SD: I didn’t realize what a total fabrication the crack baby was, whole-hog invention. I was also surprised by the extent to which the media presented accused molesters in daycare centers as guilty. I’m generally cynical about the media, but I was taken aback by how the media took the prosecutors’ side without awaiting trial, especially in the McMartin case. Then, the allegations weren’t true.
SB: So what’s next for “mom-ism”?
SD: It depends on the day, on the hour, what I think. At least two things are happening. There is an ongoing media backlash that urges women to stay at home, and indeed there is a slight decline in the percentage of women with babies under the age of two or three entering the work force. So, on the one hand, there is this enormous pressure for women to conform to a retrograde, one-size-fits-all motherhood. On the other hand, women are starting to talk back, in “momoirs” and through activism, an incipient movement of mothers. It’s an interesting crossroads.
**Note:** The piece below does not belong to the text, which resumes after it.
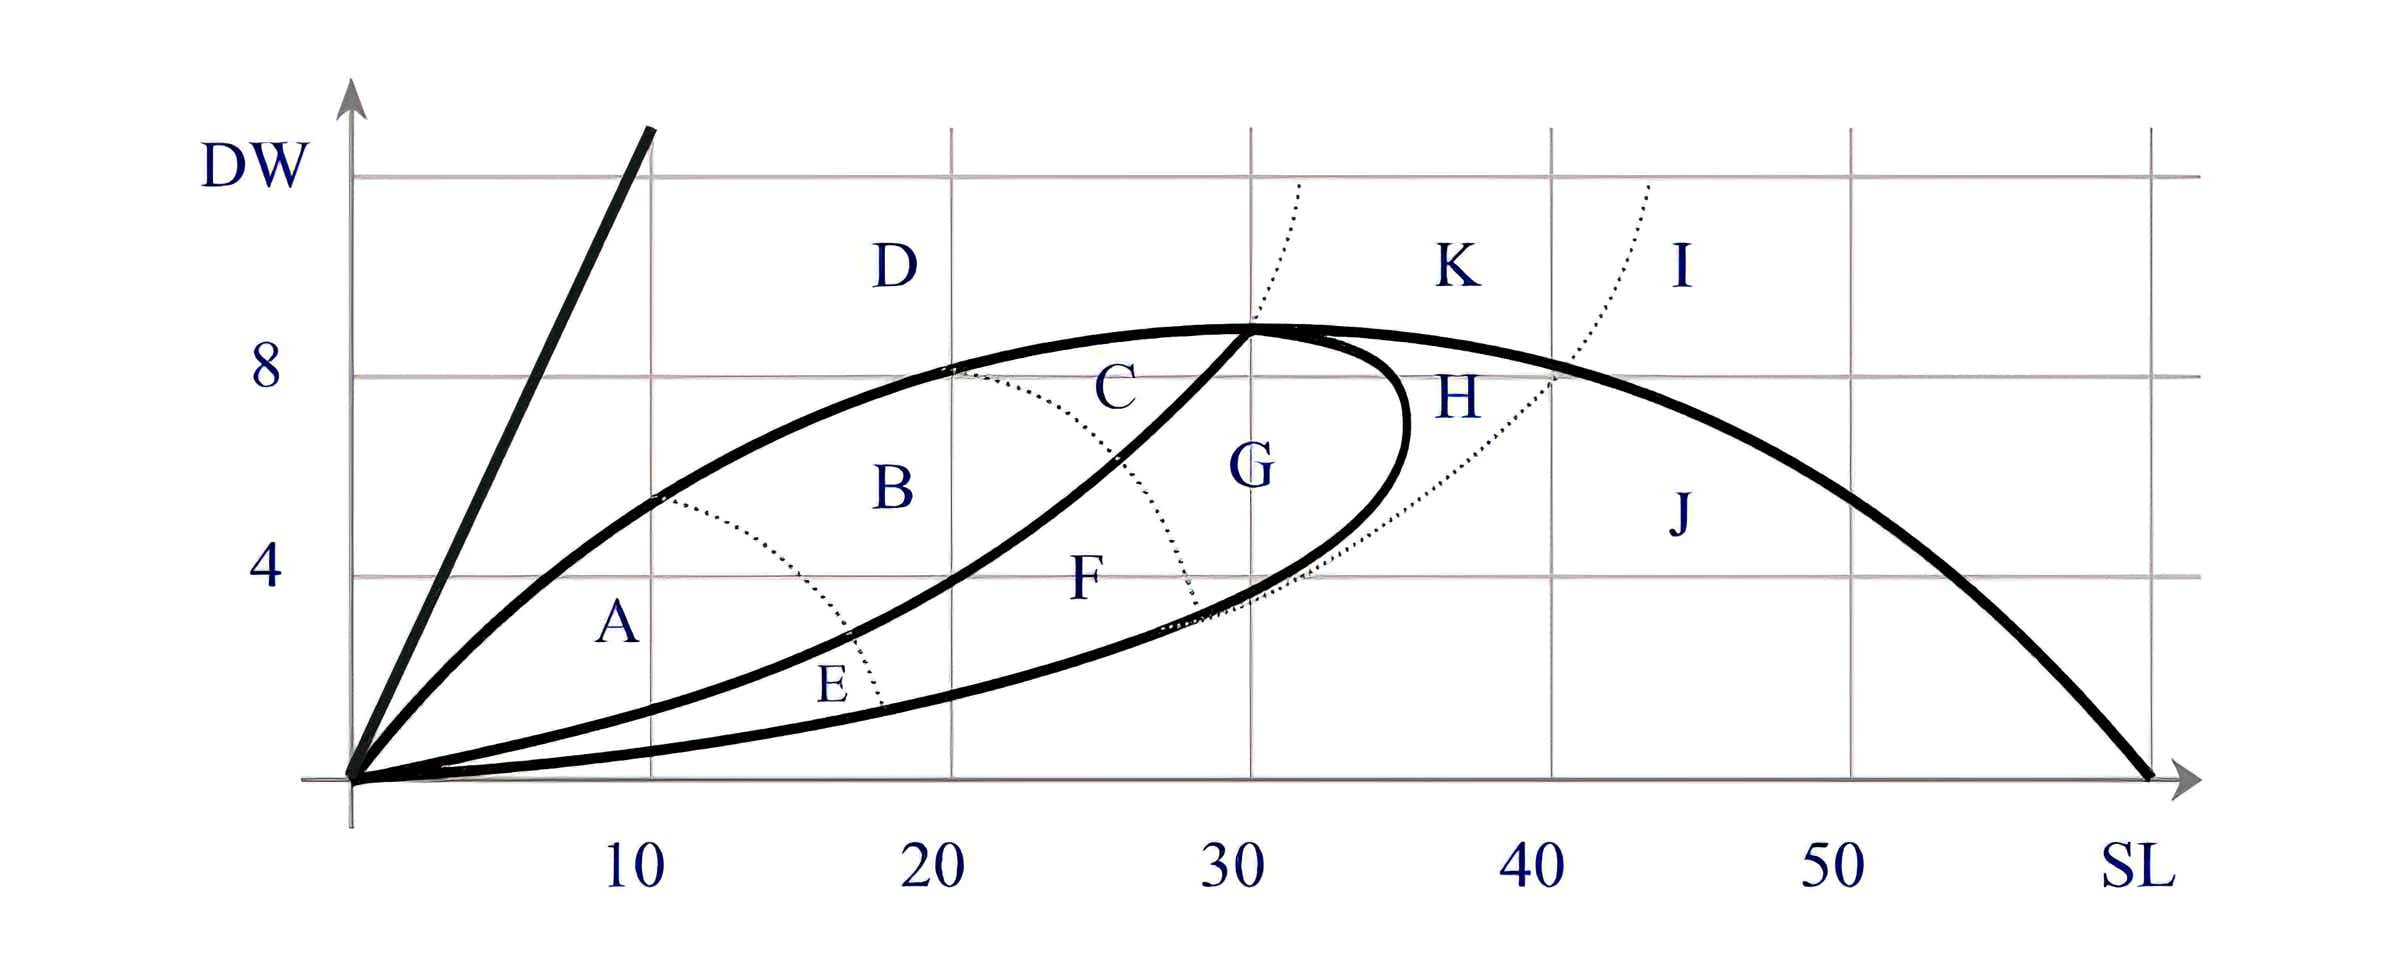 This graph is a remnant of research that plotted the conceptual accessibility of written text according to sentence length and DW, where the graph itself despicts that area divided into 11 sectors (A-K) based on curves drawn.

MM: Women need to be freed from such intense self-policing, at which point perhaps they can articulate these issues politically and put their concerns on the agenda. Why are we the only industrialized nation without a substantive policy for paid family leave? We permit the workplace to squeeze out family life. Look, many women didn’t expressly choose to be stay-at-home moms but circumstances and finances compelled them to do so. If you can’t afford a nanny for your infant on the Upper West Side, you’ll be competing for 18 credible daycare slots. So, why aren’t women asking our presidential candidates what they will do for families?
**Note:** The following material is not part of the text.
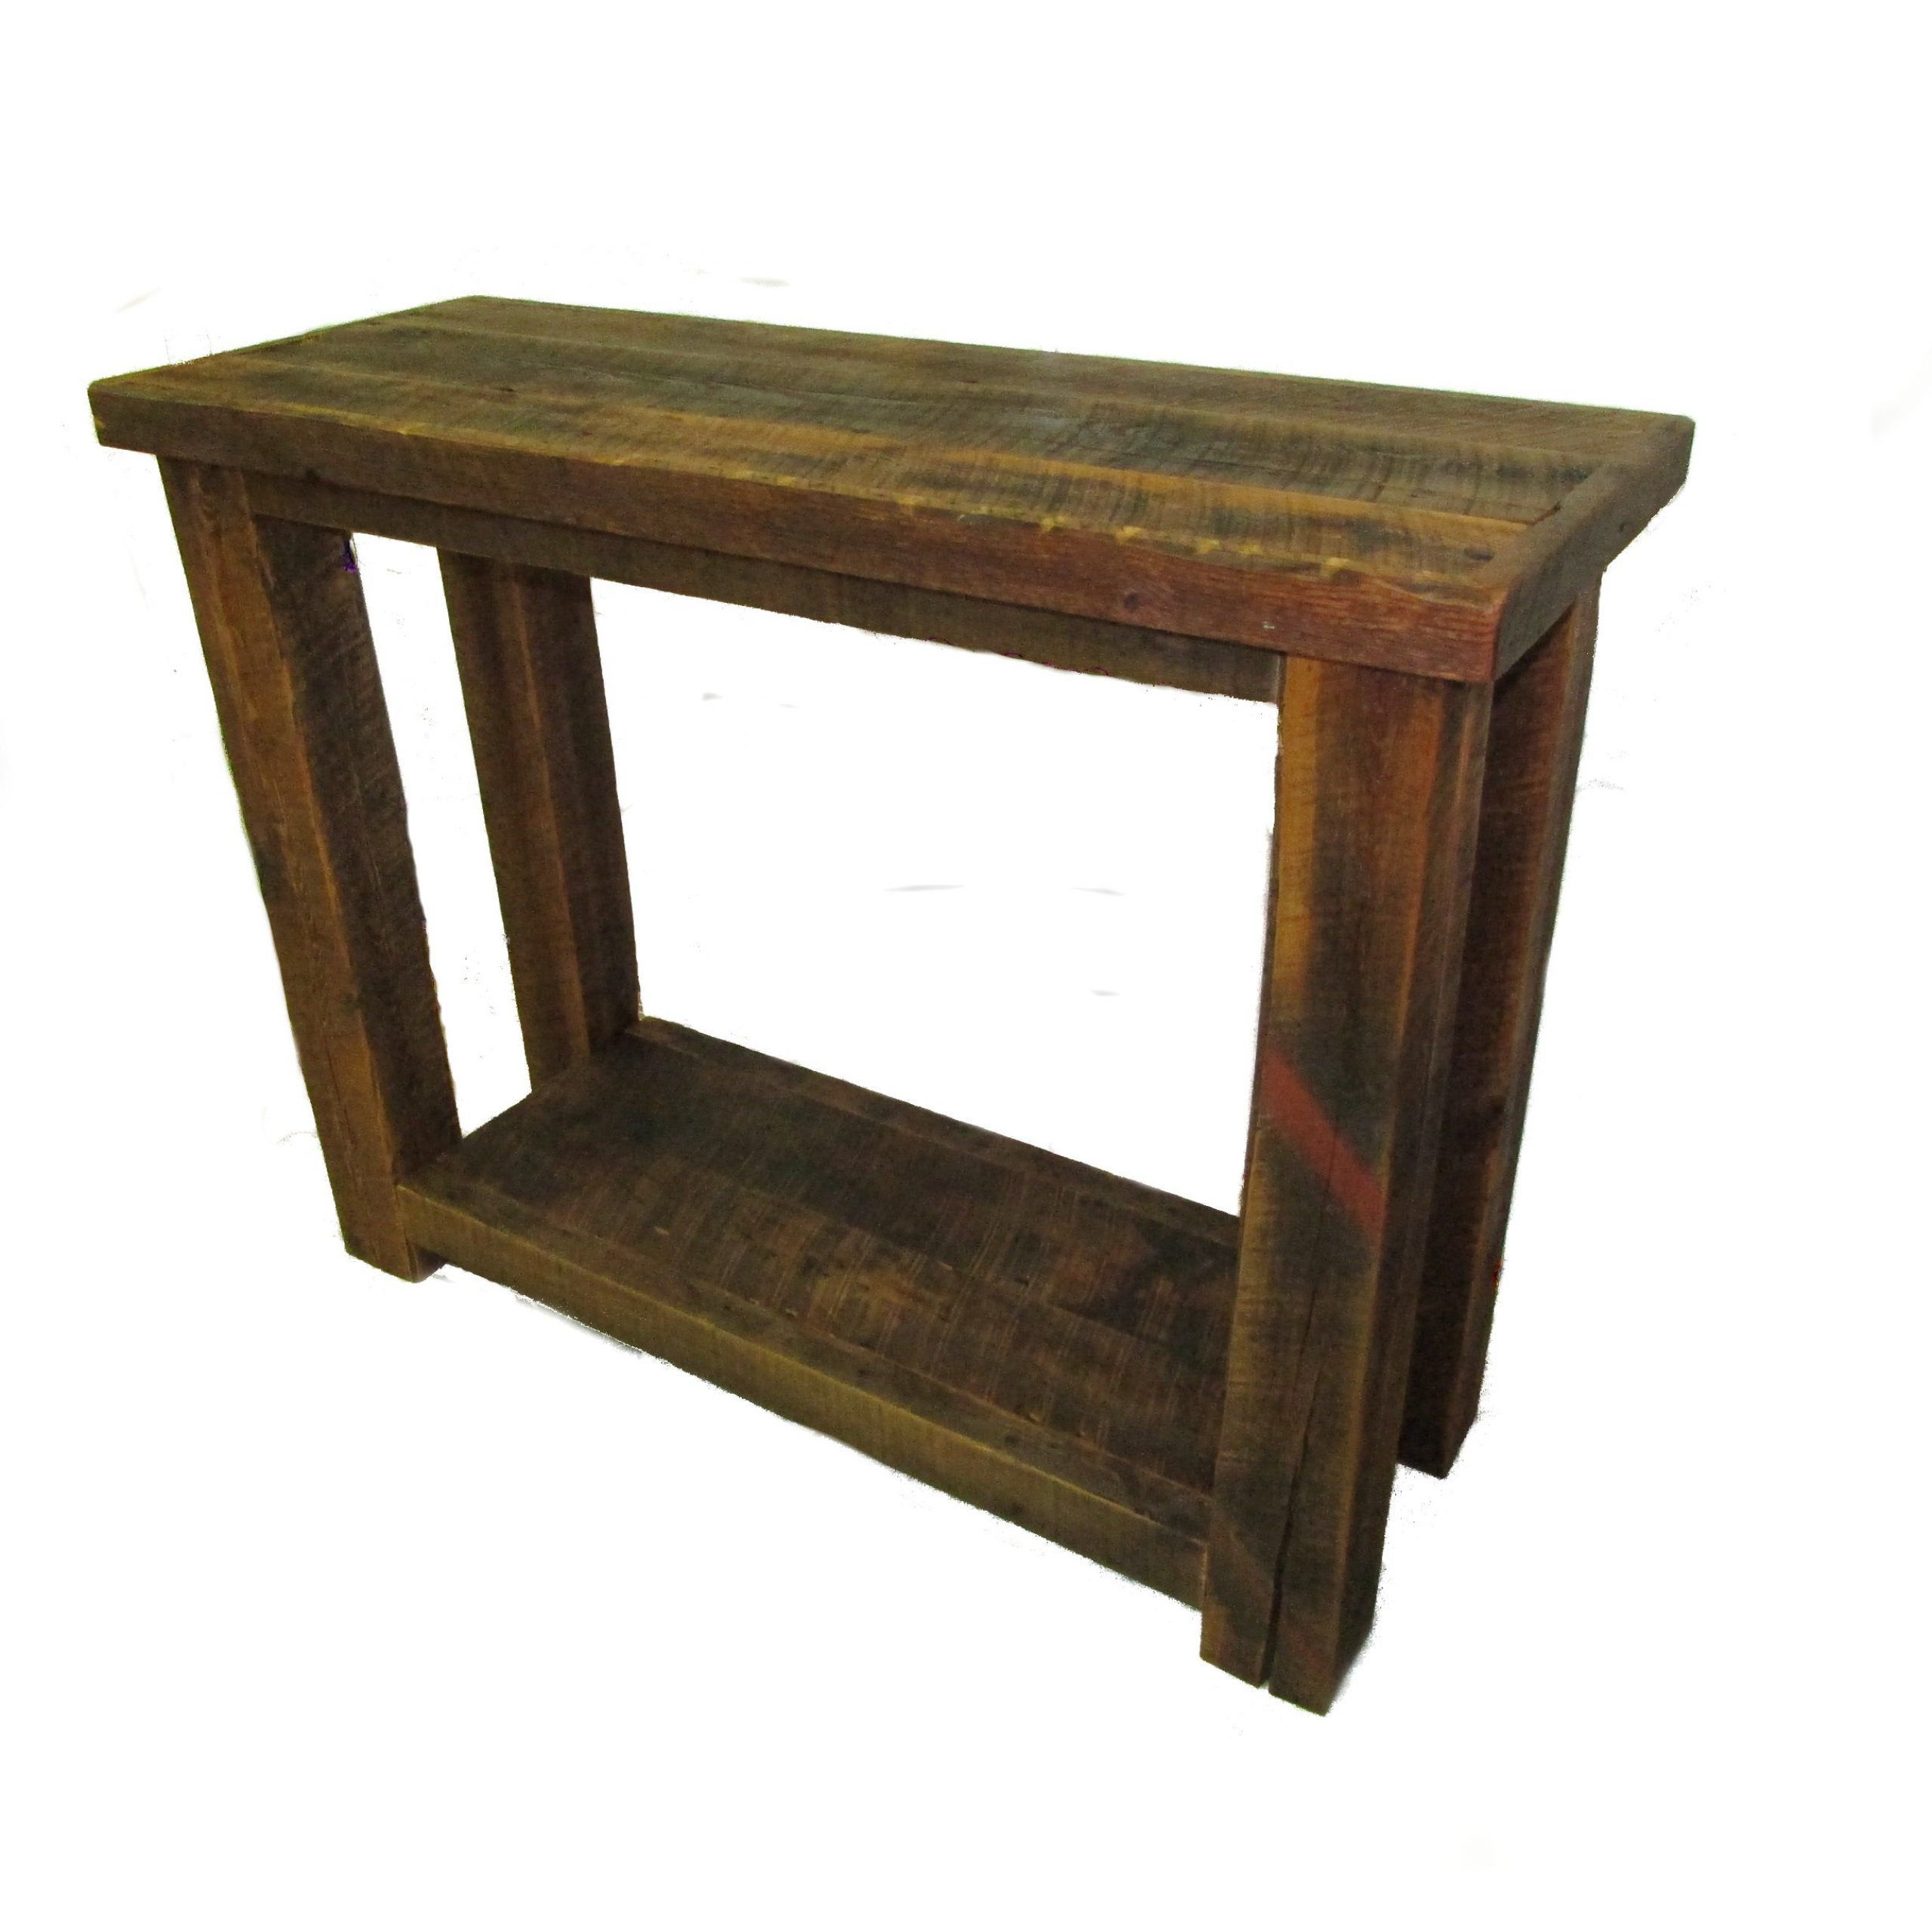 Reclaimed Barn Wood Sofa Table | White Cedar | Barnwood Within Barnwood Console Tables (View 18 of 20)

SB: What has been the reader response to the book and what do you hope readers will ultimately take away from reading it?
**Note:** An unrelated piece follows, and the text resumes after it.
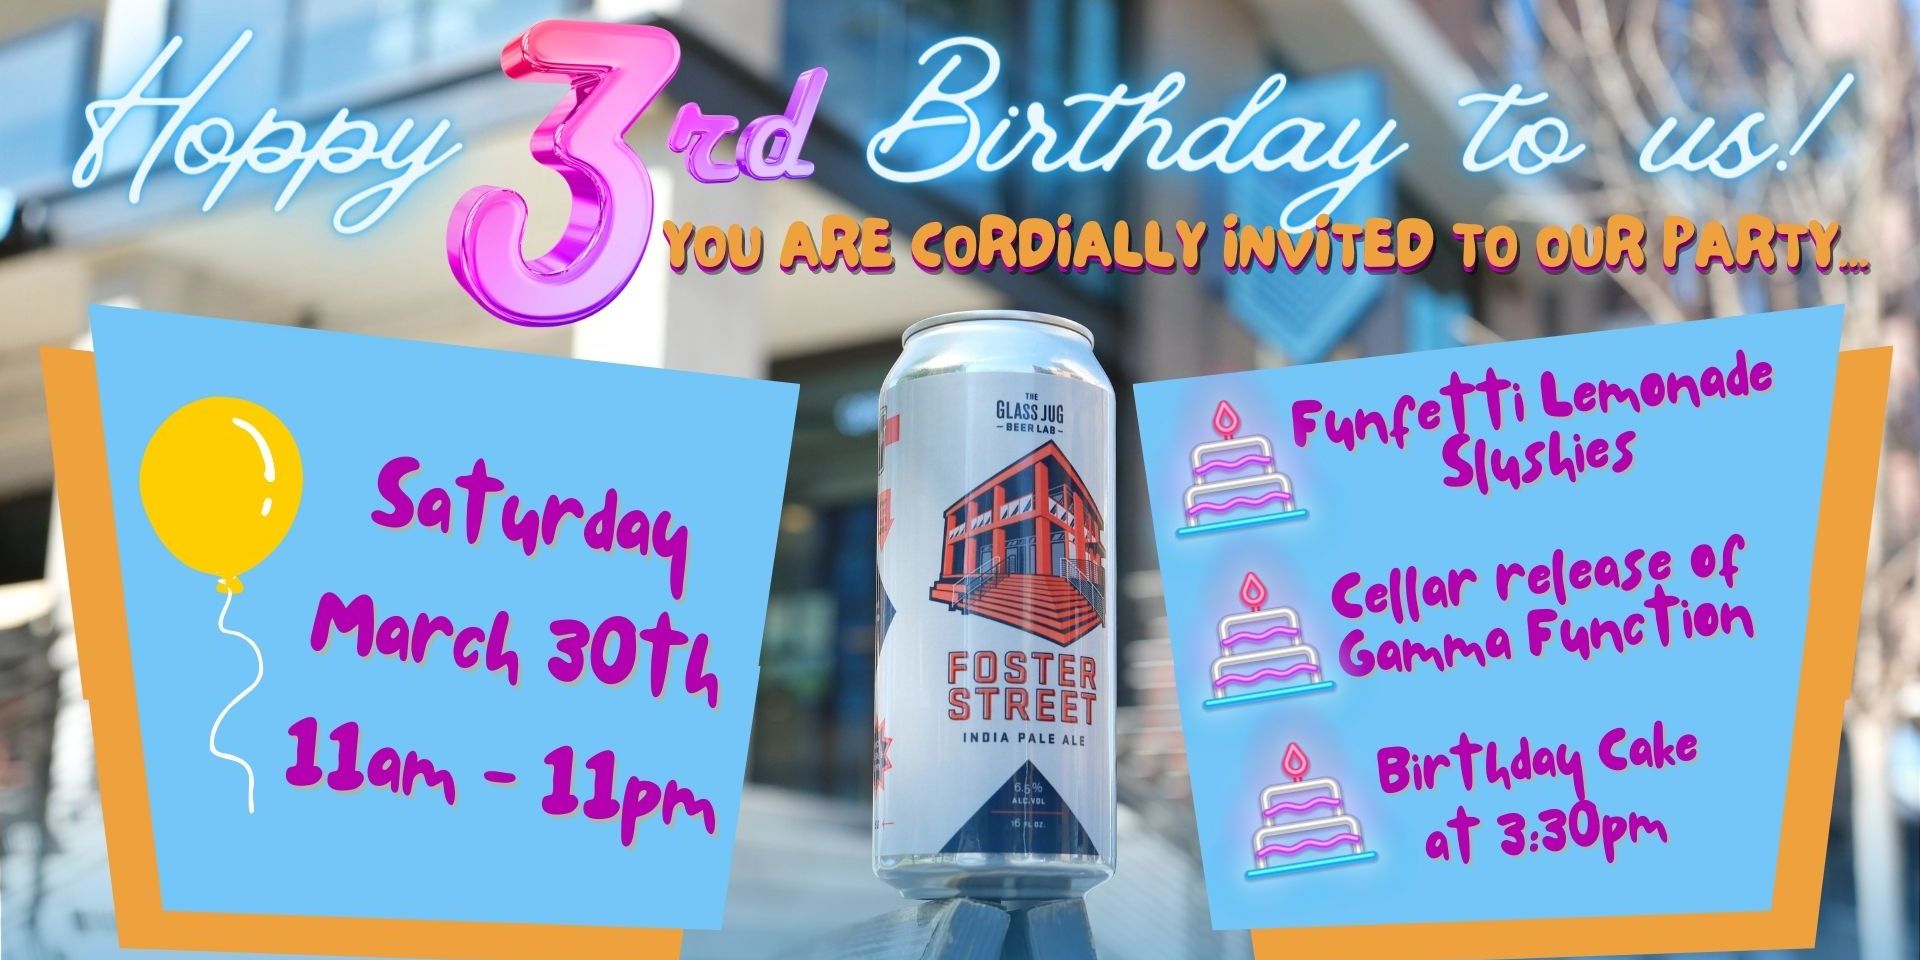 Glass Jug Downtown's 3rd Birthday Party promotional image

SD: What was truly gratifying was the enthusiastic response from young stay-at-home moms, women between the ages of 20 and 30. These women were raised on the celebrity mother profile and now see that motherhood is not endlessly blissful but extremely demanding. I also met a lot of women in their fifties or older who raised kids in the seventies and are concerned watching their daughters and daughters-in-law tyrannized by the impossibly high standards now applied to motherhood. They are buying the book for their children.
MM: In the sixties and seventies, well-educated women began to wonder why they were picking up their husband’s socks: wasn’t he just as smart and wasn’t he just as able to pick up his own socks? Most women don’t realize how far feminism has taken us. In 1970, married women could not have a separate bank account or own a car themselves. In 1970, a woman could not marry and keep her name. In talking to women who have read the book, many I come across say that they didn’t realize feminism addressed motherhood. Their association — largely because of the media spin about feminism — was that feminists are anti-mothers.
Now, a lot of couples enjoy more equality until children arrive. It’s as if the introduction of the child is a chance for the man to regress. Maybe once a woman is a mother, she can kind of be his mother as well. I keep saying to women that wondering, “why am I the one doing ___?” is a feminist thought. Feminism wonders about this not just in regards to an individual relationship but within a system. I hope the book will be a consciousness-raising tool, to use an old-fashioned word and concept.